The main tradeoffs are structural. You are giving up seven years of liquidity for a guaranteed rate. The interest-only free-withdrawal provision means you cannot systematically withdraw 10% per year the way many competing products allow. The MVA adds volatility to the actual cost of exiting early. And the $50,000 minimum premium excludes smaller accounts. None of these are unusual for a 7-year MYGA, but they need to match your actual situation before committing.
Product snapshot
| Feature | Details |
|---|---|
| Product Type | Fixed Annuity |
| Surrender Period | 7 years |
| Issue Ages | 0-90 |
| Minimum Premium | $50,000 |
| Crediting Methods | Fixed rate |
| Free Withdrawal | Interest earned after year one; IRS-required minimum distributions not subject to surrender charges or MVA; nursing home confinement waiver (after year 1) allows 100% penalty-free withdrawal |
| MGSV | 87.5% of premiums at 1-3% |
| Death Benefit | Greater of accumulation value or minimum surrender value |
| Income Rider | Not available |
| Premium Bonus | None |
| Availability | Variations approved in CA, SD; not approved in NY |
Carrier snapshot
Legal Entity: Midland National Life Insurance Company
Parent: Sammons Financial Group
A.M. Best Rating: A+
Midland National is part of Sammons Financial Group, a privately held holding company. A+ from AM Best is the second-highest rating tier available and reflects strong financial strength.

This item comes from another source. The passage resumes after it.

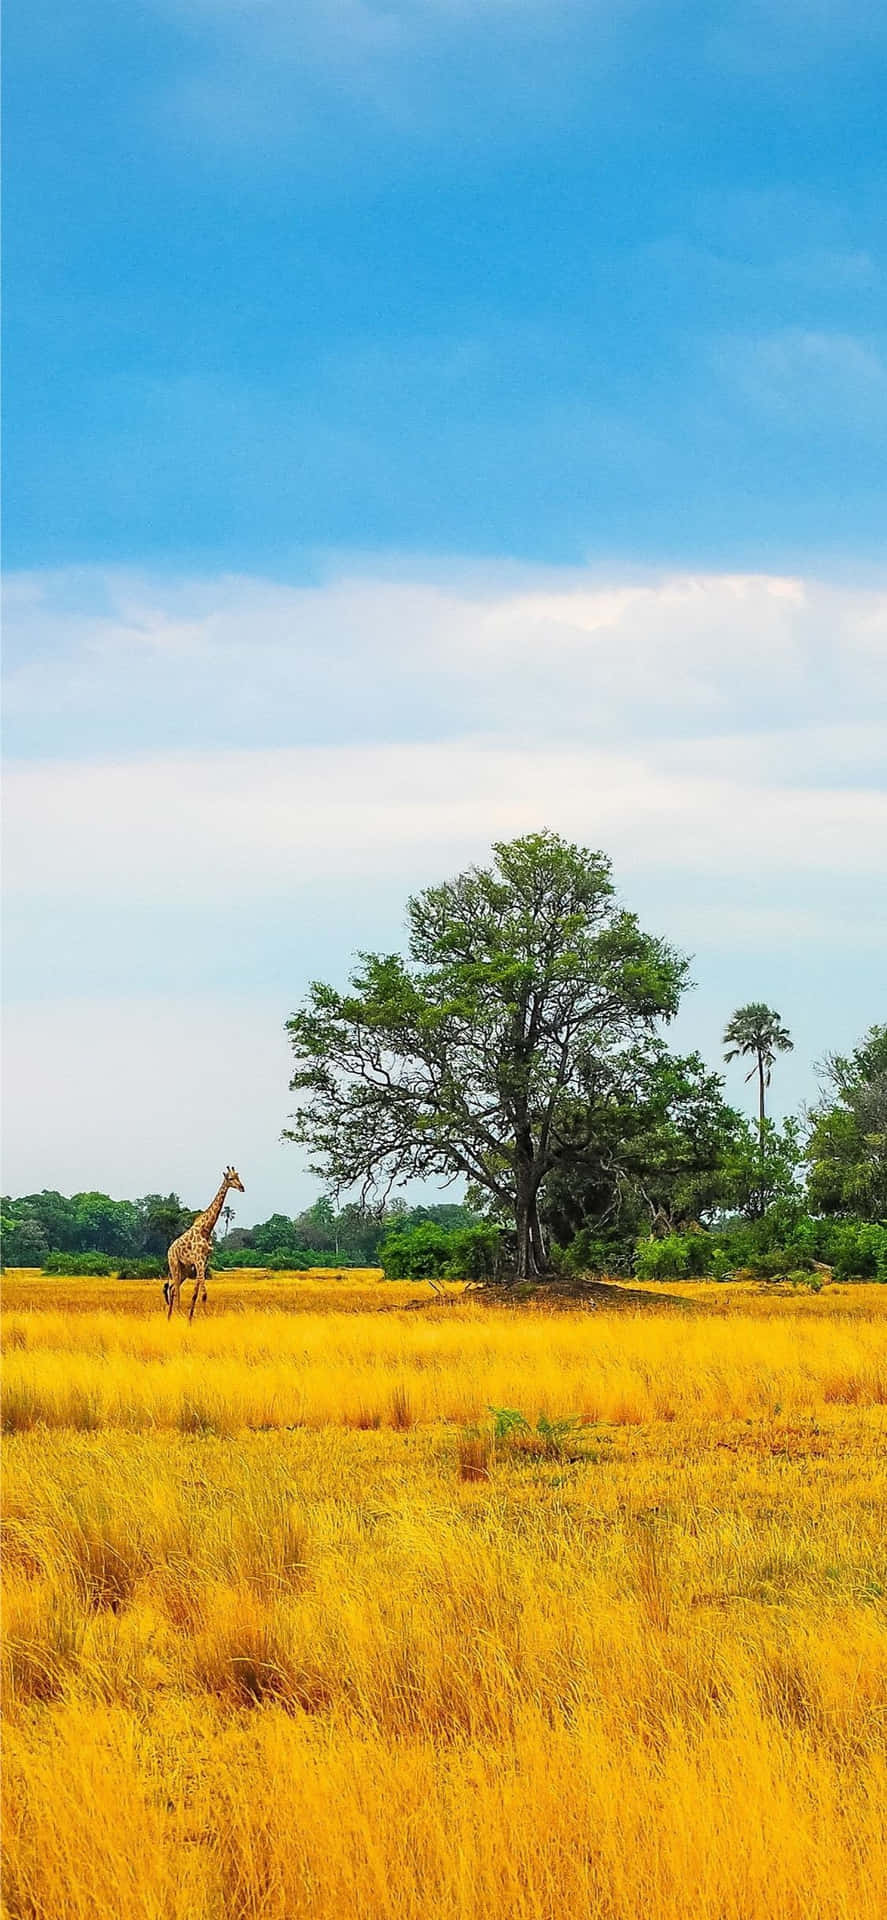 a giraffe in a field

Midland National has been in the annuity market for decades and carries a mainstream, established presence in the MYGA and FIA space.
Final take
Oak Advantage 7-Year is a clean, no-frills MYGA from a well-rated carrier. The locked rate, flat surrender charges, and strong carrier backing make it a reasonable choice for conservative savers who genuinely do not need access to principal for seven years. The nursing home waiver and RMD exemption add practical value for retirees.
Where it falls short is liquidity. If you want to systematically access a portion of your balance each year, this product's interest-only free-withdrawal provision will frustrate you. If the rate environment shifts and you want out early, the MVA adds uncertainty on top of the 3% surrender charge. For buyers who truly do not need the money during the contract period, those limitations may be irrelevant — but they are real limitations that should be understood before signing.